**Problem to solve:**
Print exactly the line that contains "Last night began", then every following line through the end of the material; include nothing else and no pictures.

**Stored data:**
__________

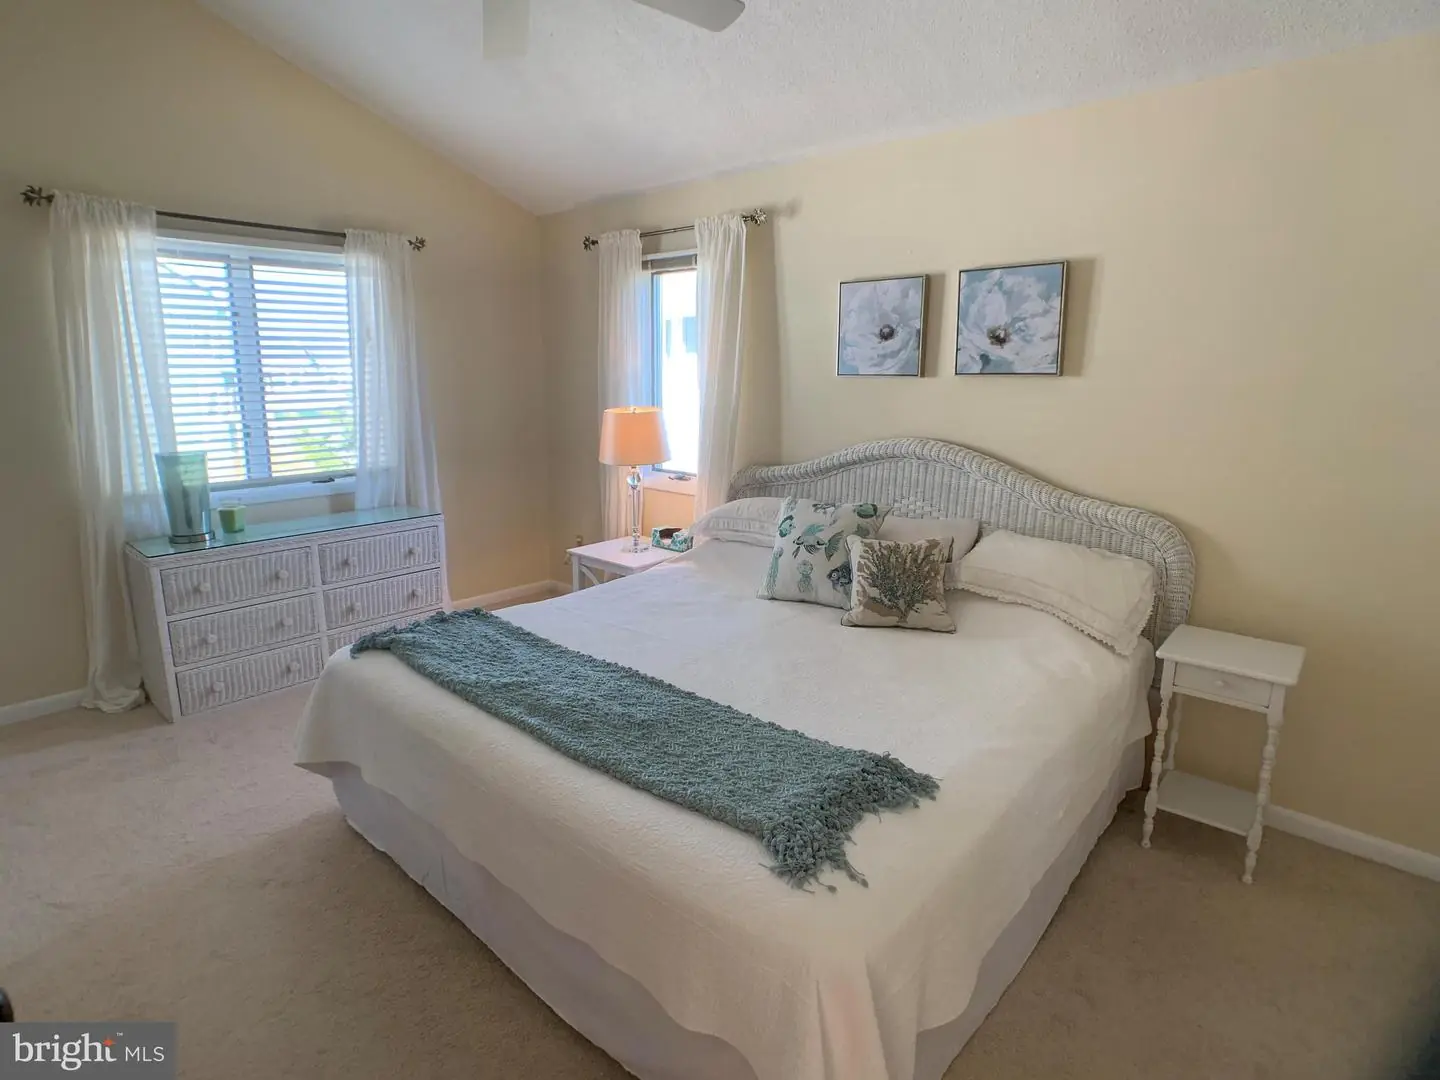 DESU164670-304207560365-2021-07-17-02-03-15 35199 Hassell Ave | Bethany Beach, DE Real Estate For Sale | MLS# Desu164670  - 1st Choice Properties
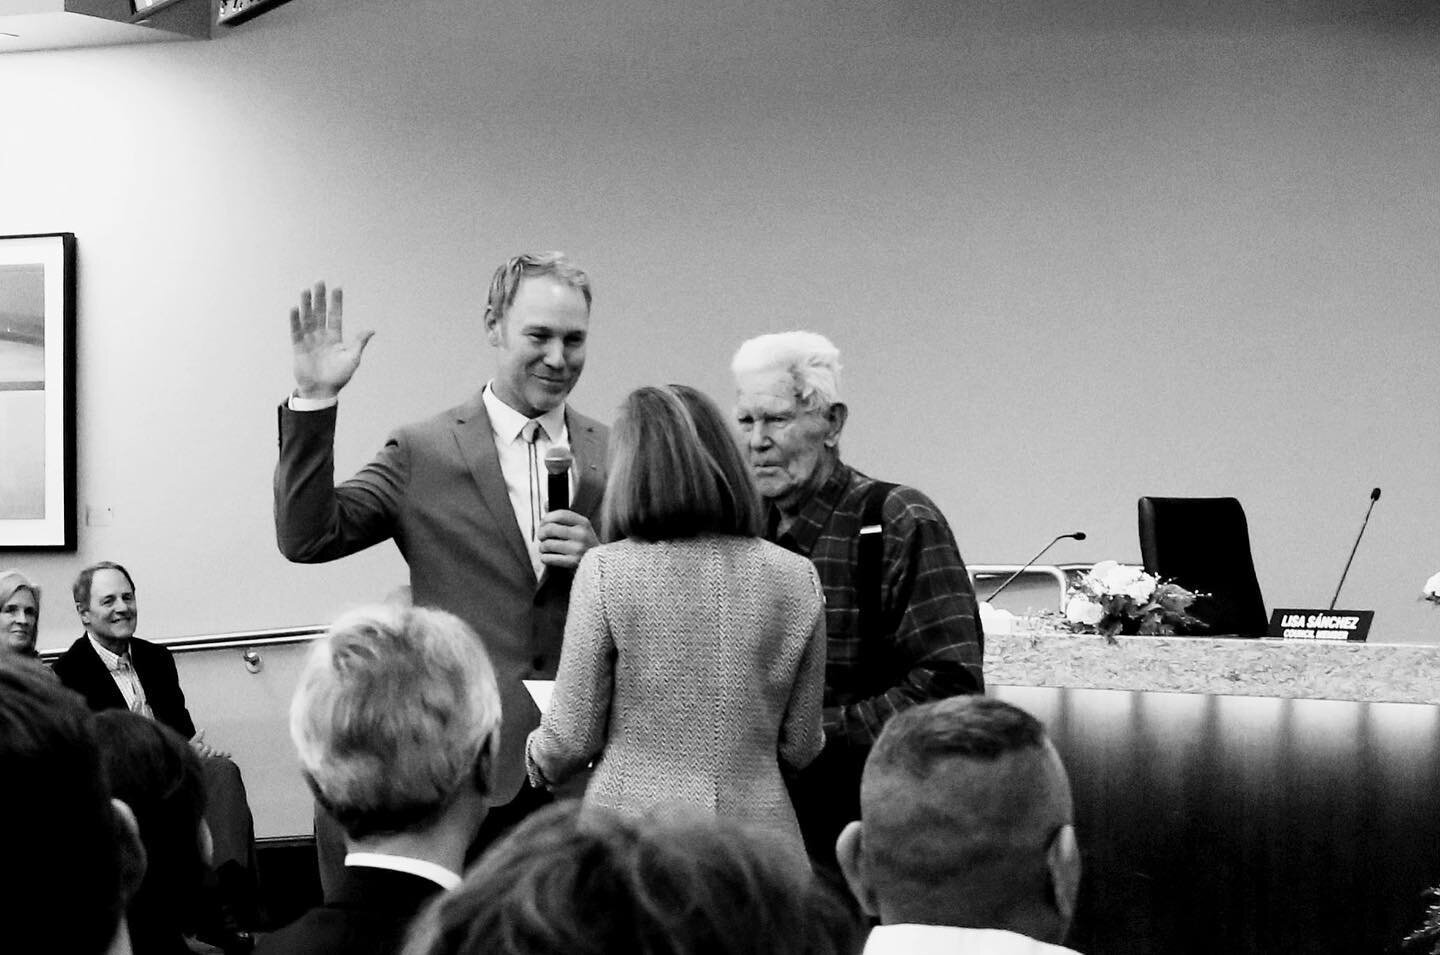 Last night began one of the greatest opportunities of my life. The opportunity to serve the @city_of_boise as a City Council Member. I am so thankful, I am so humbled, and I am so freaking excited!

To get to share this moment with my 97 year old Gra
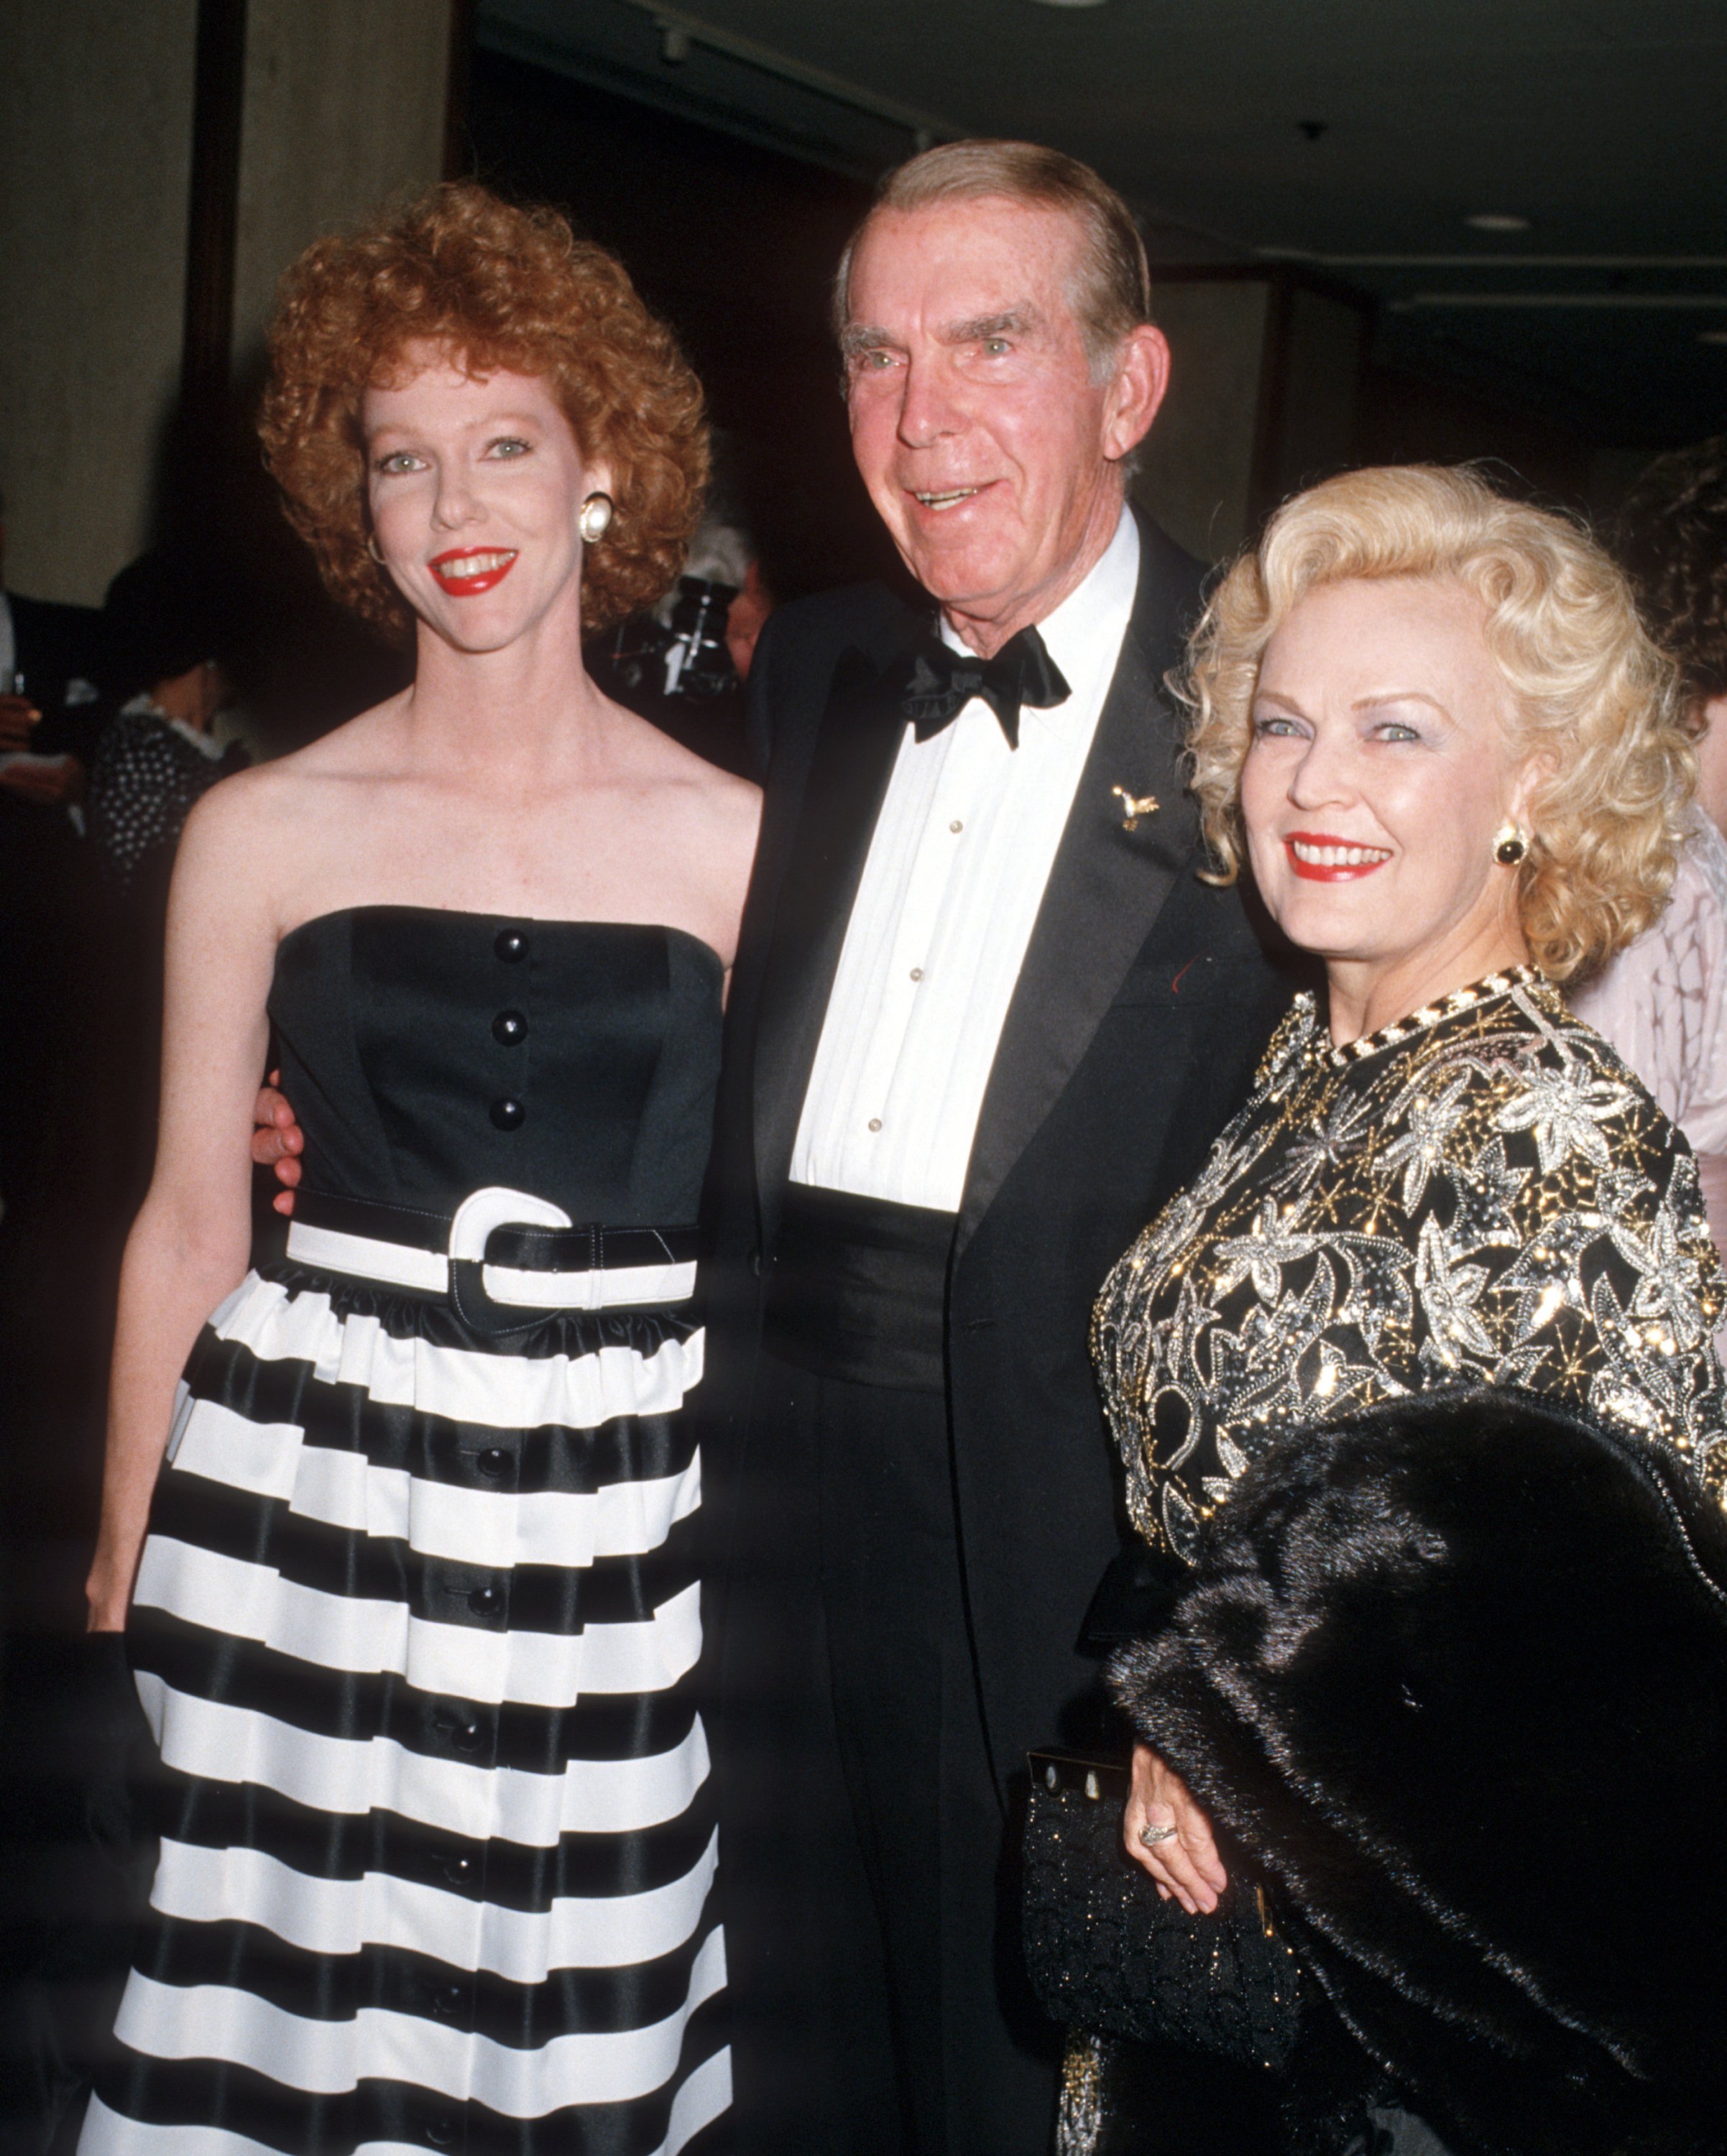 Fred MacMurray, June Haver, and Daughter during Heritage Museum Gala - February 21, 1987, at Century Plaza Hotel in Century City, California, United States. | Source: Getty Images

__________

**Output for this exercise:**
 Last night began one of the greatest opportunities of my life. The opportunity to serve the @city_of_boise as a City Council Member. I am so thankful, I am so humbled, and I am so freaking excited!

To get to share this moment with my 97 year old Gra
 Fred MacMurray, June Haver, and Daughter during Heritage Museum Gala - February 21, 1987, at Century Plaza Hotel in Century City, California, United States. | Source: Getty Images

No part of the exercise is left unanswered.